The cruiser leaps and half-turns like a frightened animal, it screams with protest, Kitson is momentarily helpless, the magnetic clamps hold him tightly in their invisible harness, the cruiser strikes the grassless downgrade, slews and slides down the shale. . .
Frantically Kitson snaps the harness, overrides the AUTOMATIC cut-in as the cruiser threatens to topple into the black well of the sad discontinued sideroad. The stabilisers whine, fibre body buckles, perspex starts to crinkle, Kitson brings the cruiser down square and bouncing into the high leafy narrowness of the lane, like he’s shooting a severe ski-rapids.
No lights, and he doesn’t dare to use his own.
He cuts speed just in time for the first corner, dimly-glimpsed.
But his glasses give him just the edge he needs. And this country is wooded, even better, an indifferent agricultural policy leaves it sparsely peopled. Farmers are fighting their last stand, it seems.
Ten kilometres to the apartment. The road goes in the right direction. He’s hardly covered a kilometre before the buzz warns him. He throws the cruiser into a sharp skid for the cover of the roadside trees from the far side of which the copter approaches.
The copter dead-centres above his tree.
Kitson holds his breath. It stays there for a long time.
Why not ditch it here?
But the argument in favour of swift progress seems irresistible.

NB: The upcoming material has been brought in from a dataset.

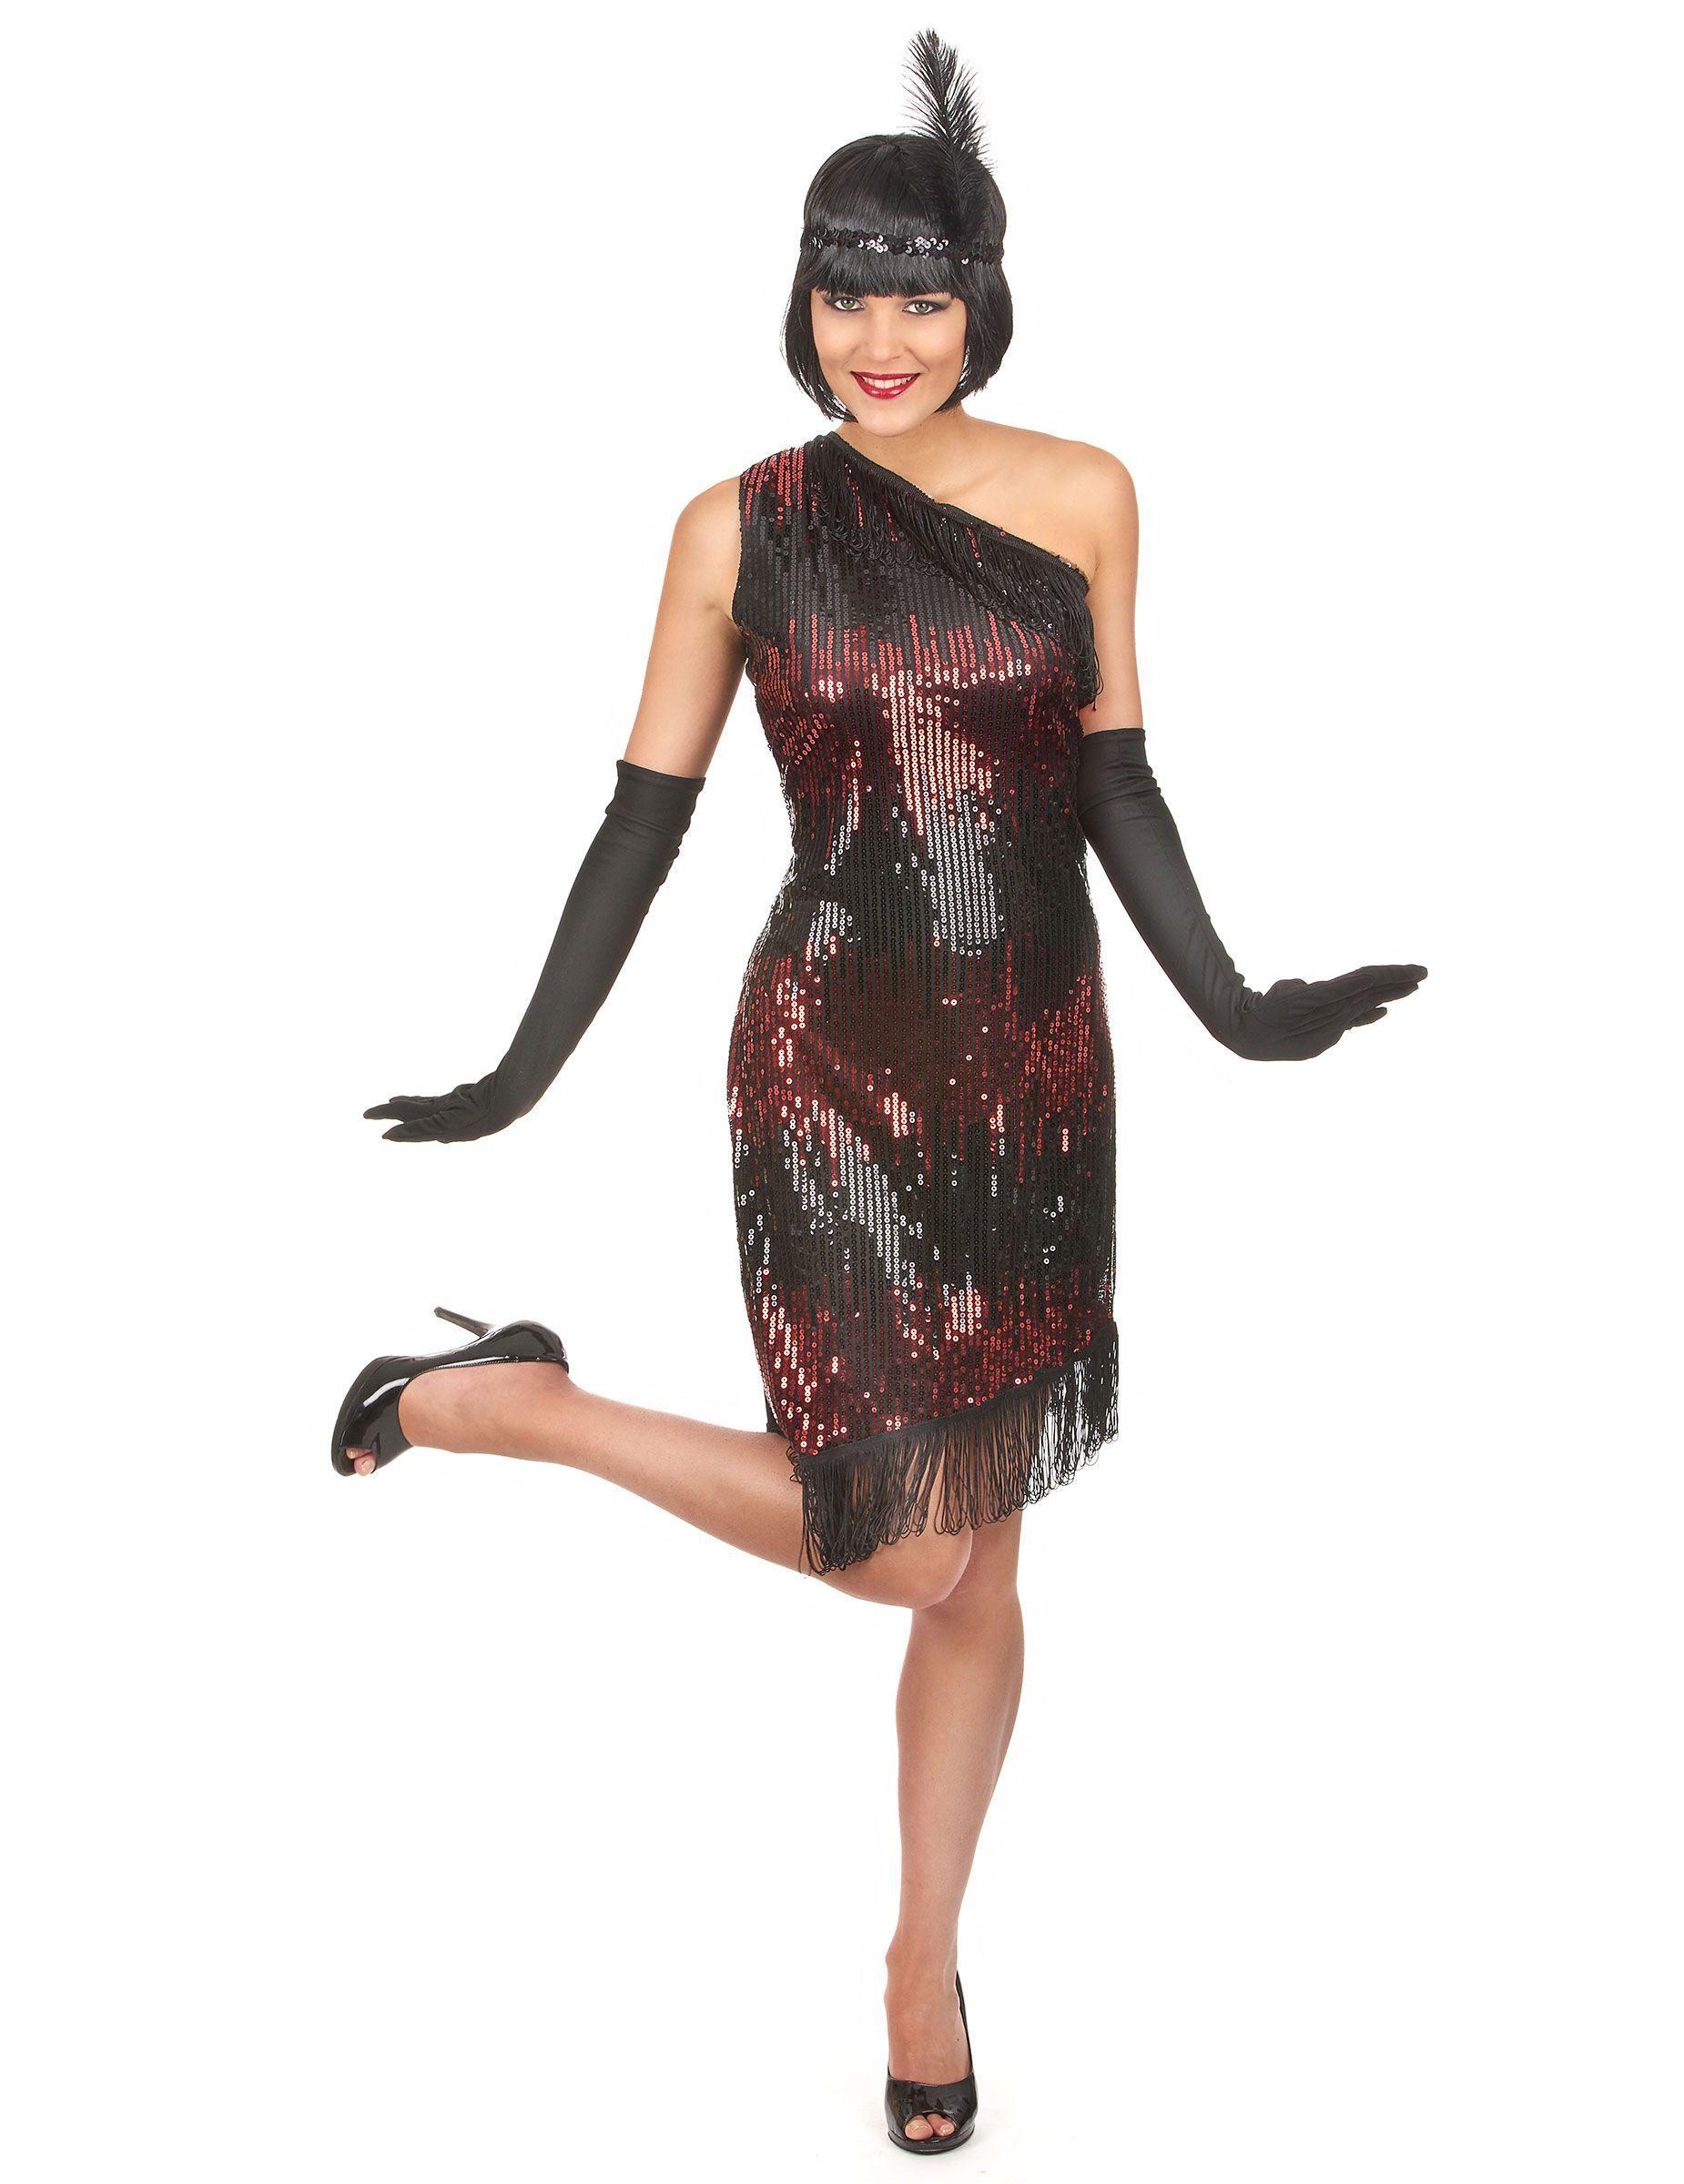 bb5e35436269c Disfraz de charlestón negro y rojo  Este disfraz de charlestón para mujer  está compuesto por un vestido negro
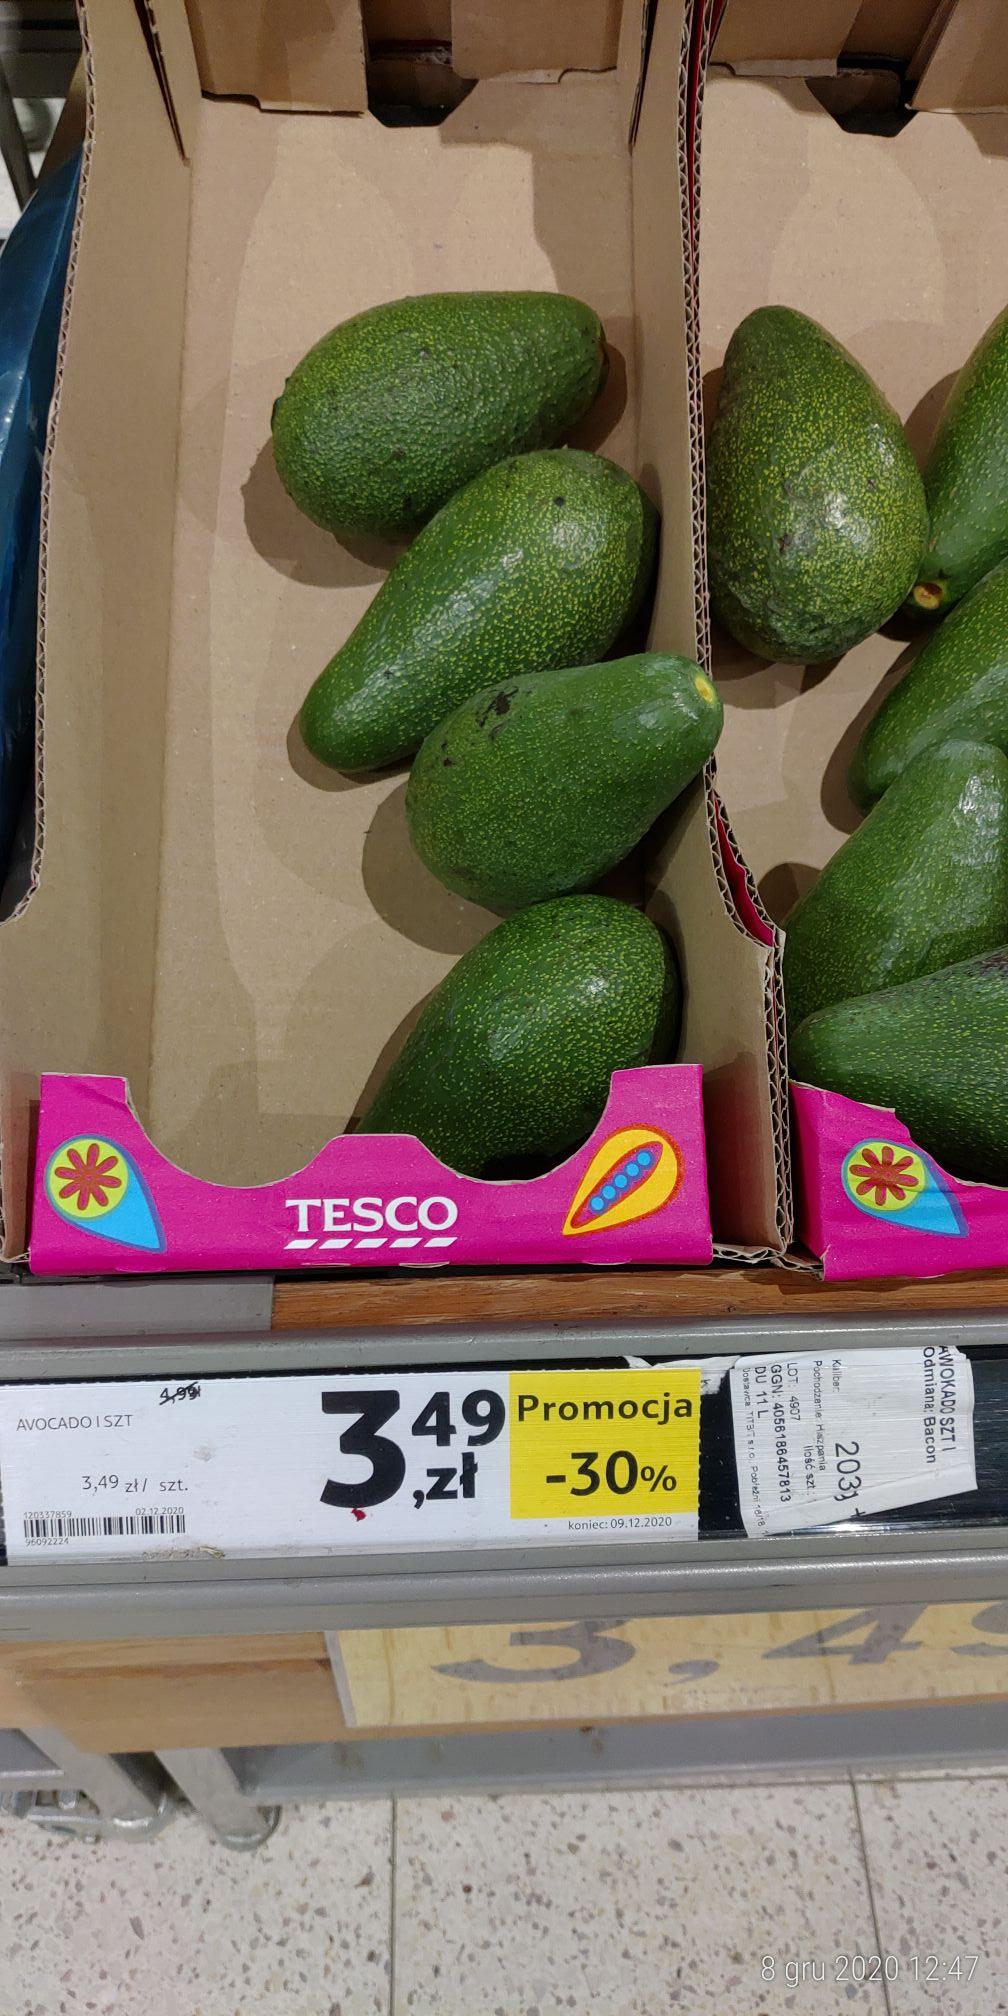 Avocado 3,49zł/1szt.@Tesco

When he can no longer hear the buzz he backs out, moves on…
Coming to a crossroads, he takes the northern fork.
To his left the motorway curves in arclit grandeur to the darkness of the western horizon. Behind, headlights sweep the darkness from the road he’s just vacated. He pulls beneath a hedge and waits.
Another helicopter crabs past low overhead.
It’s a miracle they haven’t already pulled him in…
WIPEOUT fantasy-type miracle?
He rejects the inner whisper angrily, eases the cruiser into cautious forward motion, driving for the dark blur of the next belt of trees. Many of them are elms, dead with blight. He turns off the road, runs the cruiser deep into the darkness, gets stopped by a tree trunk. He’s maybe twenty-five metres in. enough to evade immediate discovery of the cruiser. Above, the foliage is dense. Leaving the cruiser, taking the black bag, he removes his ID papers and pockets the unlicensed needleray.
He hopes he doesn’t have to use it.
There’s a torch stuffed in a pocket of his denim jacket, he leaves it there and thrusts blindly into the wood. Brambles tear at his body, saplings whip at his face, something scurries, a pheasant scuttles away, the remnants of wildlife hanging on grimly by fang and claw.
Above, the sky is getting lighter.
It’s obvious he can’t stay in the wood. He stumbles on, barking his shins badly, once running jawfirst into a low malicious branch.
The growing light betrays him, he runs faster now through the depths of the belt. He swishes through a thinned portion, thick with dew-hung ferns. A mist is coalescing as he strikes a low stone wall concealed by thick tussocks of grass.
Uncultivated agricultural pasture lies the other side, it is decayed. Compulsory Purchase Order, he thinks irrelevantly.
Another cursed copter drones, he hugs the wall. The machine passes heavily over the untenanted farmstead at the centre of the undernourished pasture, dieldrin-sapped.
Kitson makes his break for the farmstead, he flees through the pasture and into stunted wild green barley, the mist is already thinner here, the sky is grey, he feels like a moth trapped on the ceiling, he takes ten seconds, it feels like ten hours.
He bypasses the rusting silo into the overgrown still-cobbled yard. In the middle there’s an old well which he’s bypassing, intending to cross to the further perimeter of the pasture, to plunge into the peripheral woods. But - another copter fills the air -
Abandoning himself to his karma he swings on to the black oil-slicked and rotten rope dangling from the equally rotten wooden pulley system. The black briefcase-like bag crooked in his left arm, his feet scrabbling for projecting stones within the well-mouth, he lowers himself with desperate speed.
The roar of the spying machine fills the sky.